I'm always curious, who is this mysterious 'they' who keep telling people that SS is not going to be around when they retire? B/c that isn't true now, nor has it ever in the history of the program been even close to true.

There was a lot of gloom and doom talk in the early 80's about it, especially prior to the retirement age being increased.  Even in the 90's when I first worked at a job that had financial planning talks as part of HR, the presenter said something about the farther away you are from SS retirement, the more you should prepare for the possibility that they raise that age again.  He specifically said for younger folks it was in their best interest to make retirement plans as if SS wasn't there. 
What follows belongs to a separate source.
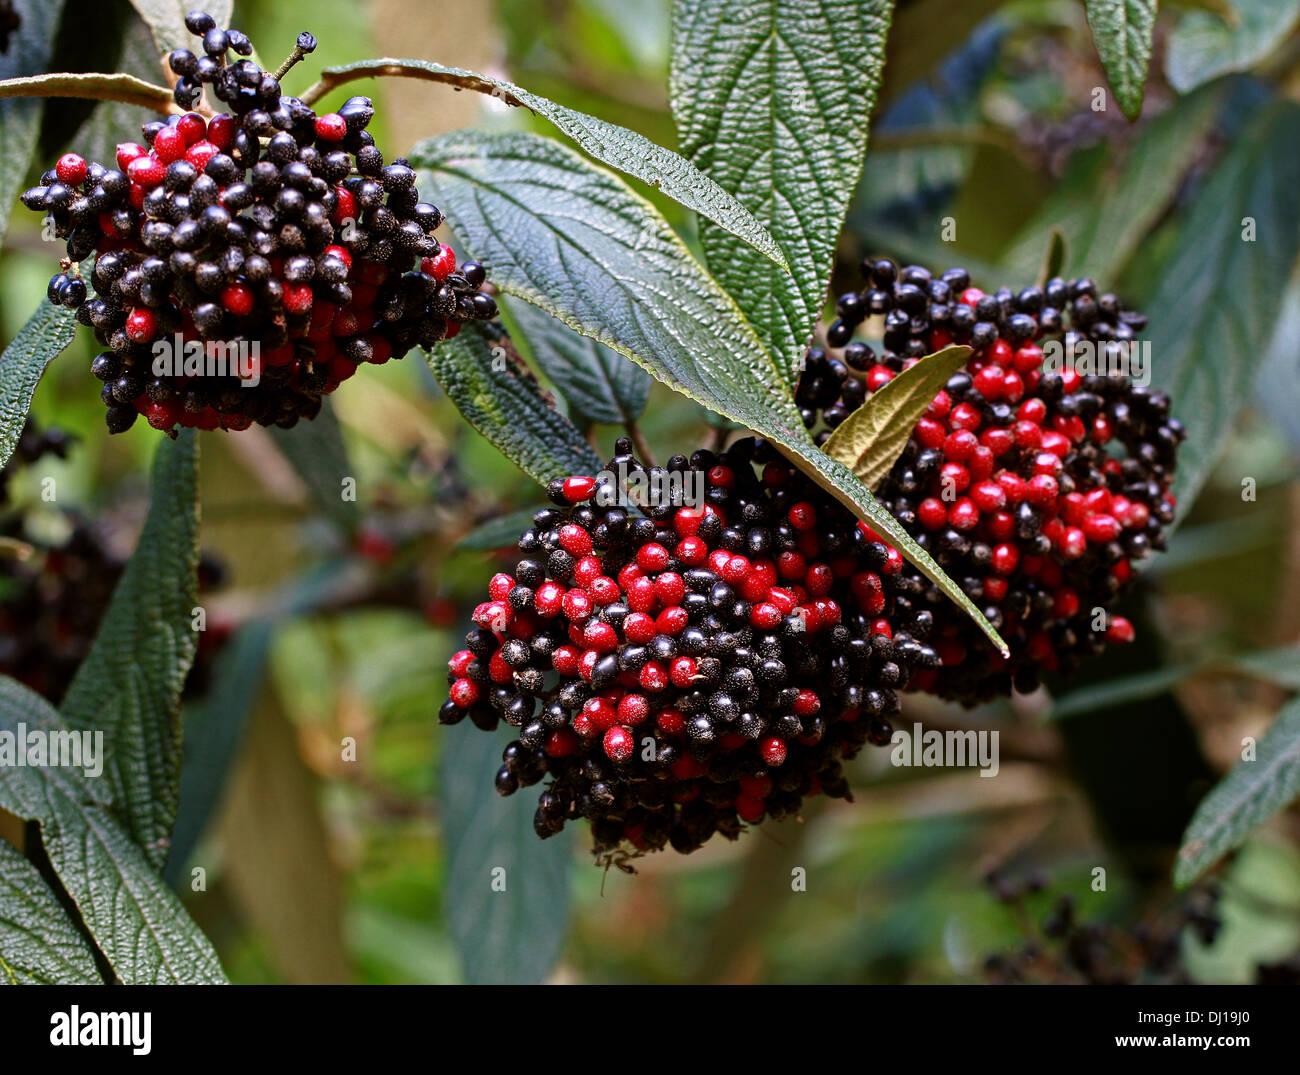 Wayfaring Tree, Hoarwithy, Twistwood Meal Tree, Viburnum lantana, Adoxaceae. Red and Black Berries. Stock Photo

Predictions about how long Social Security would stay solvent have varied widely over the years.  When I was in High School and this topic came up in Civics class, there definitely were some models showing it going broke before we students would have been able to start collecting.  Thankfully it hasn't ended up that way.

Interesting, I am not sure exactly where or who told us that but it is definitely still something I carry with me. I was aware of this in the 80s and 90s and I think you're right, school, work, in the news, I feel like it was everywhere. It seemed to be the prevailing assumption about retirement for X and Y generations and that we better not count on it. I'm still not convinced it will be 100% there once I reach my 60s.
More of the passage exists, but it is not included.